In what follows we try to predict the outcome variable (categorical variable called "classe") using 53 raw predictors, using popular machine learning algorithms.
Initially, we considered 4 algorithms:
-
- basic regression tree,
-
- basic multinomial logistic regression with lasso penalty,
-
- linear vector support machines,
-
- random forest (a mixture of regression trees).

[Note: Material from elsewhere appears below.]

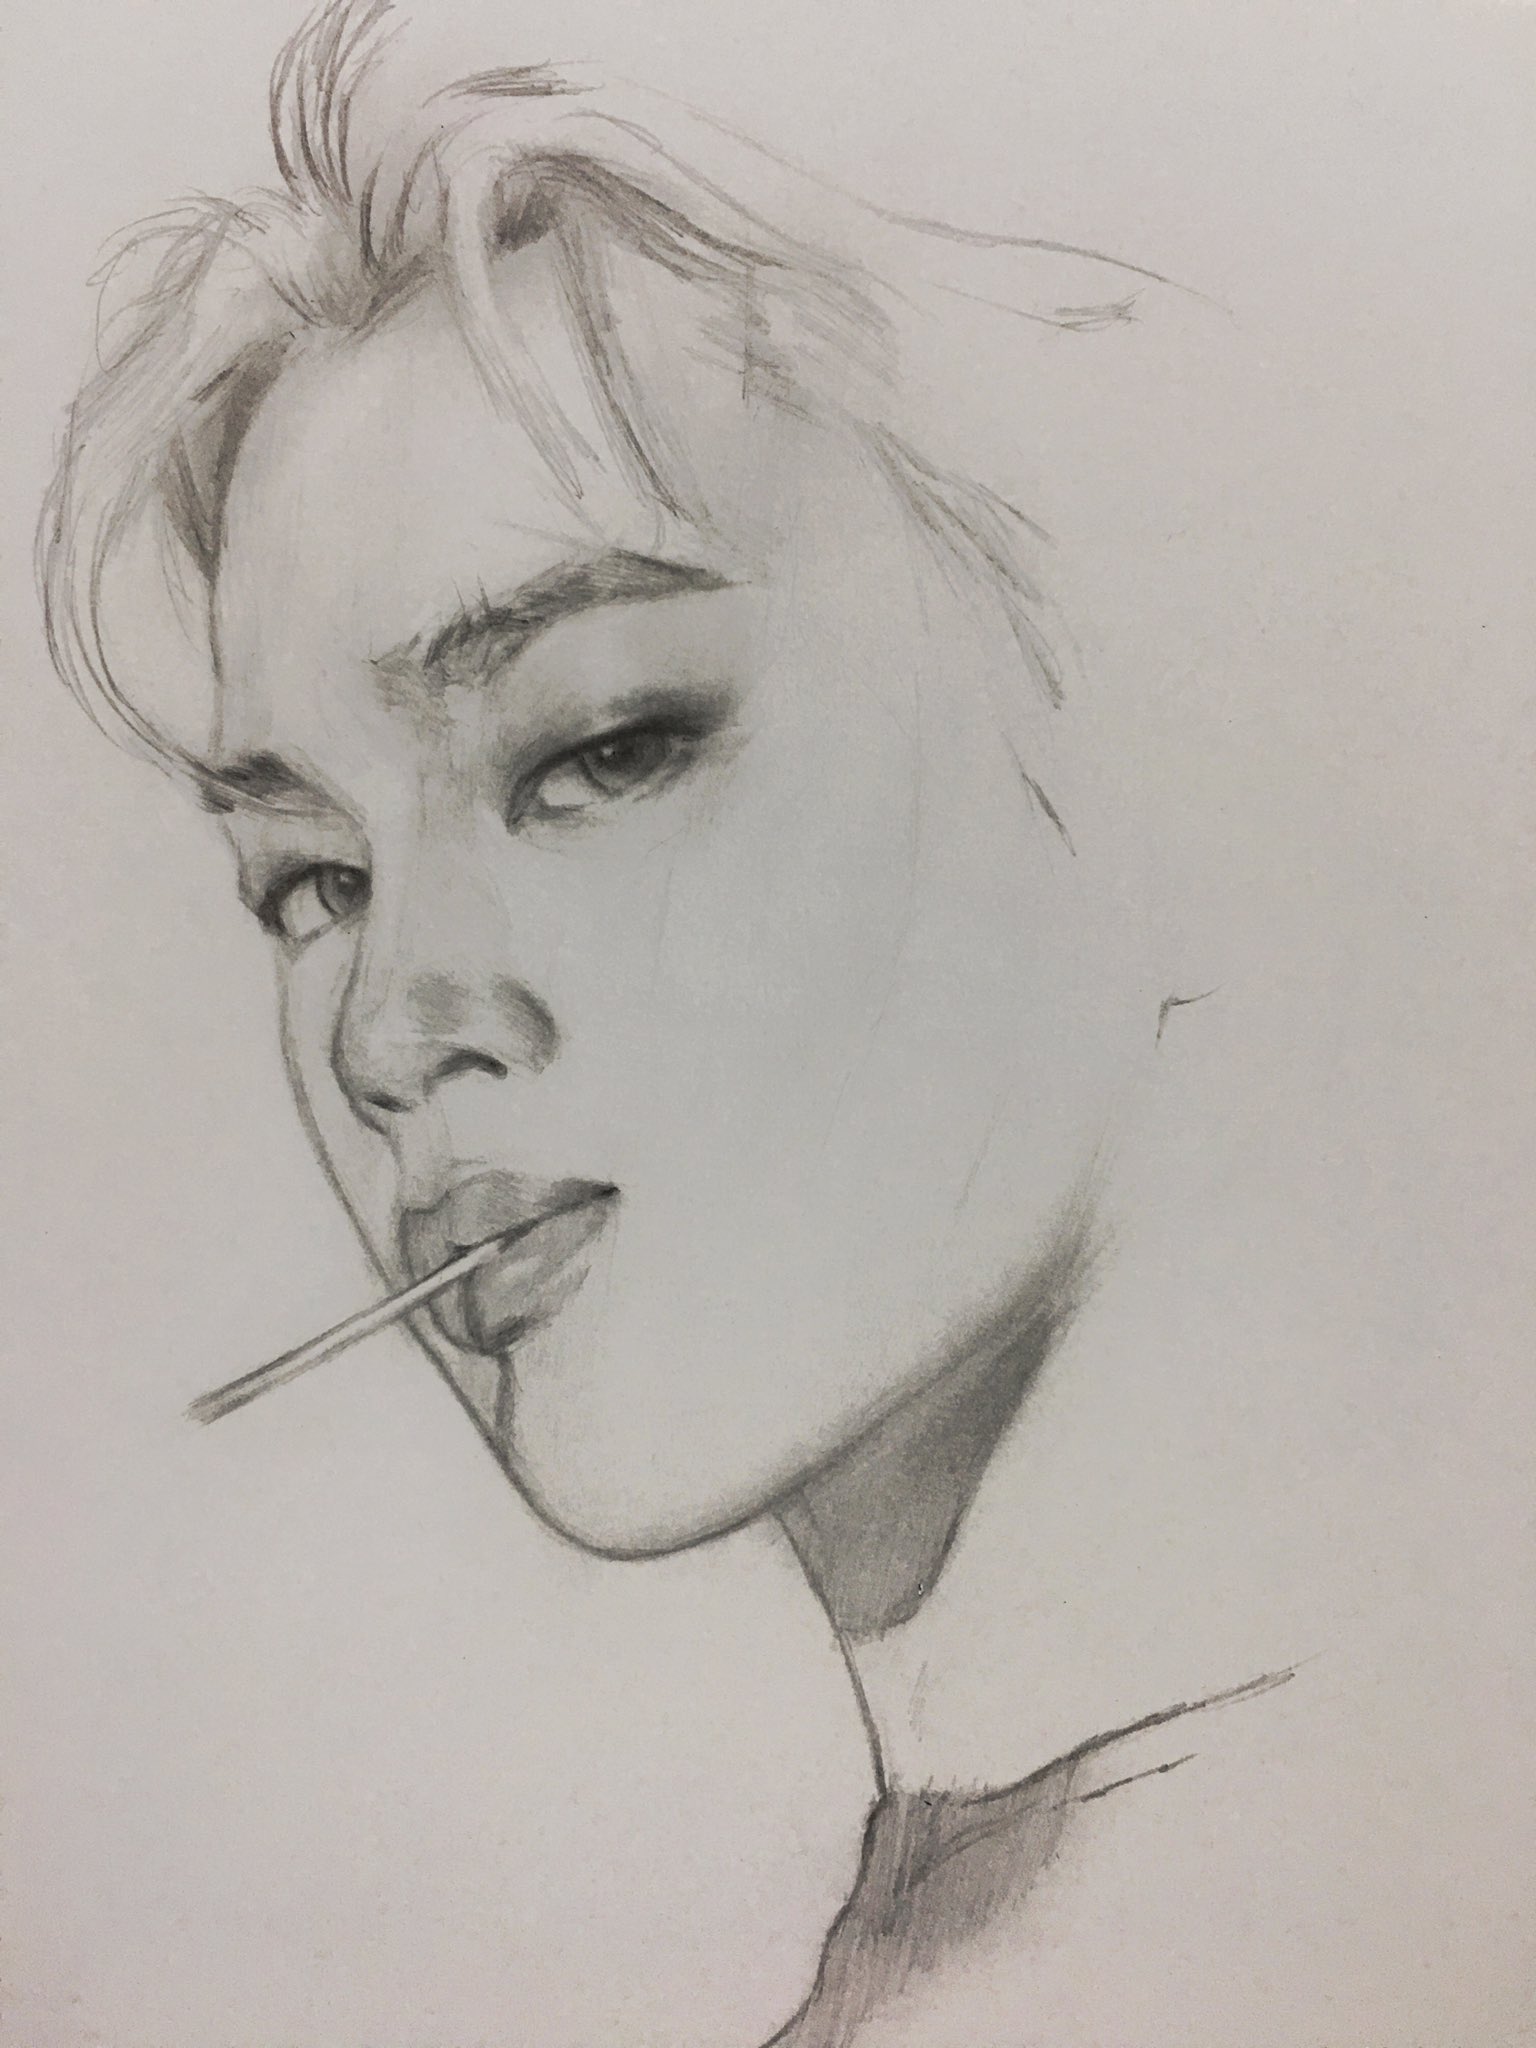 Creative Jimin Sketch Drawings with simple drawing

The algorithms 2 and 3 failed to compute on the data given, so we eliminated these two algorithms from consideration on purely computational grounds (the code for algorithm 2 is given below; the reader can try it, but it failed to give results over 2 hours on a Mac Book Pro). This left us with not much to choose from: the basic regression trees and random forest. It was very easy for random forest to outform a basic regression tree, so we ended up picking the random forest.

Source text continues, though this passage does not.